A própria burguesia, característica da nova era, mostrava-se incapaz de ombrear com os seus pares micaelenses e acompanhava a custo o surto industrial. As fábricas de álcool e tabaco, estabelecidas na cidade a partir de 1880, tiveram sempre uma posição secundária e se fizeram ricaços não conseguiram criar verdadeiramente ricos. Angra refugiava-se na imagem de uma aurea mediocritas, que passou a cultivar. Mesmo no domínio político, nas horas decisivas das lutas pela autonomia e livre administração dos Açores pelos Açorianos, os angrenses, ainda que com ideias interessantes, não conseguiram comandar o processo. Limitaram-se a usufruir das vantagens da lei e a instituir uma Junta Geral Autónoma (1898). Este panorama manter-se-á ao longo da I República e do Estado Novo, voltando a cidade a crescer só nos anos 50 do nosso século, com a abertura de novos arruamentos na zona da Pedreira, entre a velha Rua da Guarita e o mar. A cidade, apesar do surto dos lacticínios e das fábricas de transformação do leite em manteiga e queijo em que foi pioneira, passou a ser essencialmente um centro administrativo. Contudo, a partir da Segunda Guerra Mundial, quando presenciou a chegada de tropas continentais para prepararem a defesa dos Açores e assistiu, em 1943, ao desembarque dos Aliados, a caminho das Lajes, a cidade perdeu o predomínio militar com a saída do comandante militar para Ponta Delgada, mas conheceu um certo surto de progresso com a instalação em novos edifícios de serviços como o liceu, o tribunal, a biblioteca pública e o museu e um incontestável movimento cultural que lhe deu projecção regional, à volta do Instituto Histórico da ilha Terceira, do Instituto Açoriano de Cultura e das Semanas de Estudos, promovidas por este.

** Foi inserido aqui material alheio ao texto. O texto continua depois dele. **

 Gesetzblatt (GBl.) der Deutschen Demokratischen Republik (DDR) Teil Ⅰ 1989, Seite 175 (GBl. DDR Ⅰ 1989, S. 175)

A partir de 1976, no novo sistema democrático de autonomia política e constitucional, Angra passou a ser a residência do ministro da República e a sede de três secretarias regionais (Educação e Cultura, Assuntos Sociais e Administração Pública), estabelecendo-se nela também um dos Pólos da Universidade dos Açores (Ciências Agrárias e Desenvolvimento animal).
No dia 1.1.1980, a cidade foi parcialmente destruída por um violento sismo, conseguindo, contudo, ainda que com perdas irreparáveis no seu património, reconstruir-se e renascer das cinzas, como a Fénix, que no século xvii Maldonado havia escolhido para símbolo de Angra, e estender-se a novos bairros, como o de Santa Luzia e do Desterro.

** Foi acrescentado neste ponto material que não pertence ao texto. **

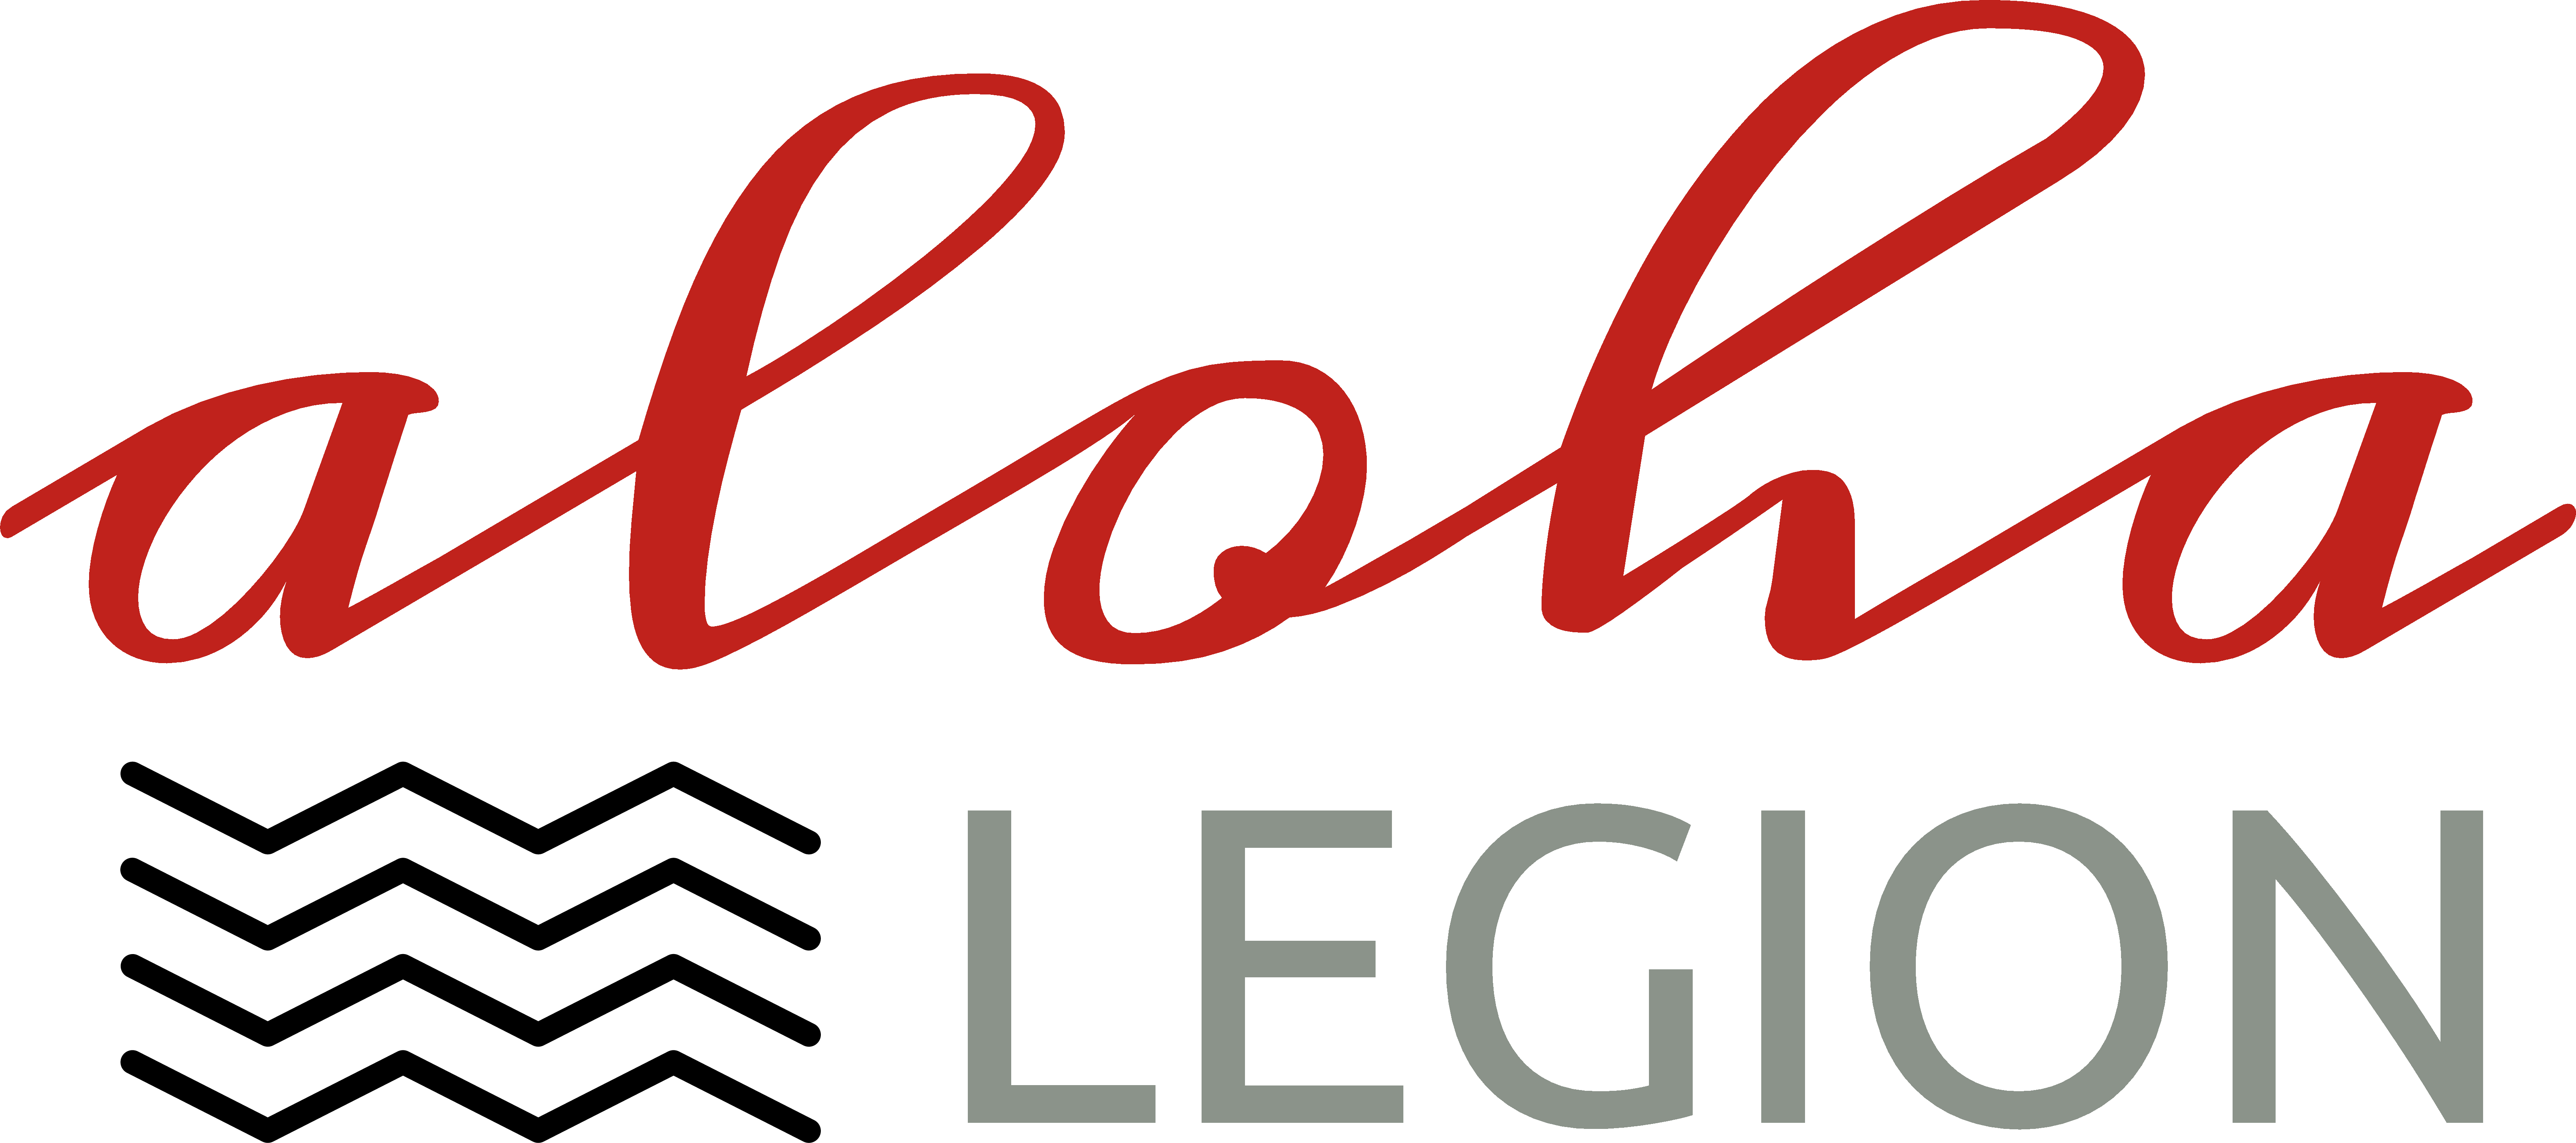 Aloha Legion - Aloha Legion (6766x3001)

Reconhecendo o seu valor como conjunto arquitectónico notável e harmonioso e o seu sítio como muito significativo para a história da expansão europeia, a UNESCO classificou, em 1984, Angra do Heroísmo como património da humanidade, sendo este o último dos seus títulos de glória. Angra do Heroísmo é assim essencialmente história, mas também beleza e sobretudo o espírito dos seus cidadãos, gente um pouco contraditória, mas decidida a sobreviver com dignidade e sempre inclinada para a alegria de viver que mantém nas touradas, únicas no arquipélago, nas Festas de S. João, celebradas com bizarria desde o século xvi, e no culto ao Espírito Santo. Antero de Quental compreendeu bem a maneira de ser e o espírito dos angrenses na célebre carta a Oliveira Martins, onde definiu a cidade. Como ele, Raul *Brandão, Vitorino Nemésio e muitos outros, indígenas ou reinóis, deixaram-se seduzir por esta bela cidade. J. G. Reis leite (Set.1996)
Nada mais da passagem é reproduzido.